How do Streams get backed up?

This is usually referred to as “starving the IO”, but there are quite a few ways this can happen. Synchronous code keeps the event loop on whichever phase triggered the callback (except for the main execution, which isn’t in any phase). This includes event listeners. All listeners to an event are called synchronously, just like a method call. Until the event loop is able to get to the Poll phase, all streams buffer their incoming data in their internal write buffer. If you are streaming continuous data, the buffers can really get backed up the longer the Poll phase is ignored. While the Poll phase is ignored, no new IO can be handled, and your server becomes unresponsive to requests.

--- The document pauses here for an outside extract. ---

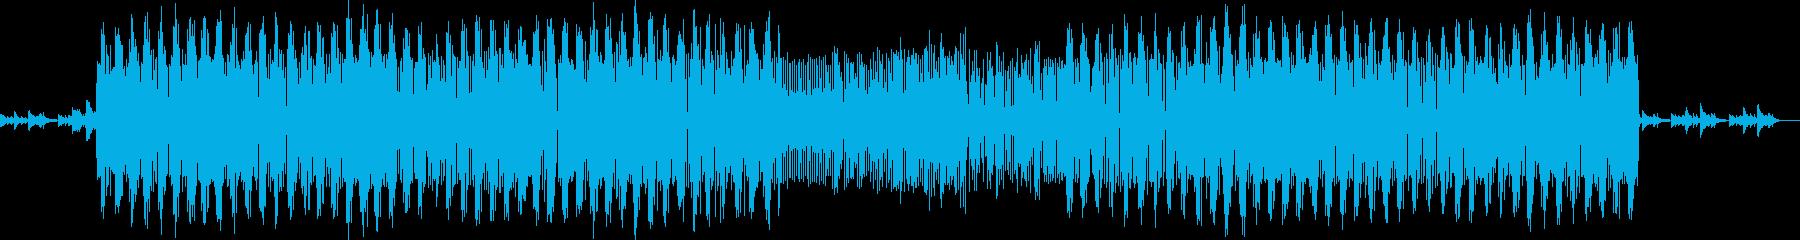 少しアンバランスなテクノ風カリンバの再生済みの波形

Why can’t we use a setTimeout to make a loop asynchronous?

SetTimeout adds a special handler to the Poll queue which triggers after the given amount of time has passed. Why doesn’t this work?

Function getDataWithTimeout (data) {
  const length = data.readUInt32BE(4)
  const chunk = data.splice(0, length)
  if (data.length) {
    setTimeout(getDataWithTimeout, 0, data)
socket.on(data, getDataWithTimeout)

The Poll phase will check the Stream and trigger the IO callback. Once in there, the data is processed, then the timeout is scheduled. Next Poll phase, there is another IO callback added (brand new data), and the setTimeout is scheduled (since its timeout is 0). Luckily, setTimeout callbacks are done at the beginning of the loop, so we’re still processing stuff in order, which is good!

But here’s the problem: if we have more data at the end of this timeout, the Poll phase will have to schedule the next setTimeout on the next Timer phase. So when the Callbacks phase runs, it will process new data before all the old data is done. Our data just got processed out of order.

Why does a Transform solve the issue?

Transforms were created for transforming data. They are Duplex Streams, which means they have a Read buffer (for something, like a terminal, to read from), and a Write buffer (for something, like TCP Streams, to write to). A Transform gives you a method to transfer data from the Write buffer to the Read buffer, which is exactly what we need. But how is it different? The method’s callback triggers the next chunk of data to the Transform, but until it’s invoked, the data just buffers. This makes sure we never process new data before all of the old data is done. Now our setTimeout works perfectly! It also makes it easier to build incomplete messages until they are complete.

Class Cleanser extends stream.Transform {
  constructor(options) { super(options) }
  _transform (chunk, enc, cb) {
    const length = data.readUInt32BE(4)
    const chunk = data.slice(4, length)

    data = data.slice(4 + length)
    if (data.length) {
      setTimeout(transform, 0, data)
    } else {
const cleanser = new Cleanser()



You could write thousands of lines of code without ever hitting any issues with the event loop. Many people don’t when first writing their apps. But as these apps get more complex by working with different IO, using sockets, and scaling to thousands of users, issues like this can start to pop up.

The Node event loop is not an easy concept to grasp, but understanding how it works can be crucial to writing performant code and avoiding design mistakes that can cause hidden failures. Before you design your new component, understand how it will flow in the event loop, and plan accordingly. You may even be able to use its advanced features to your advantage.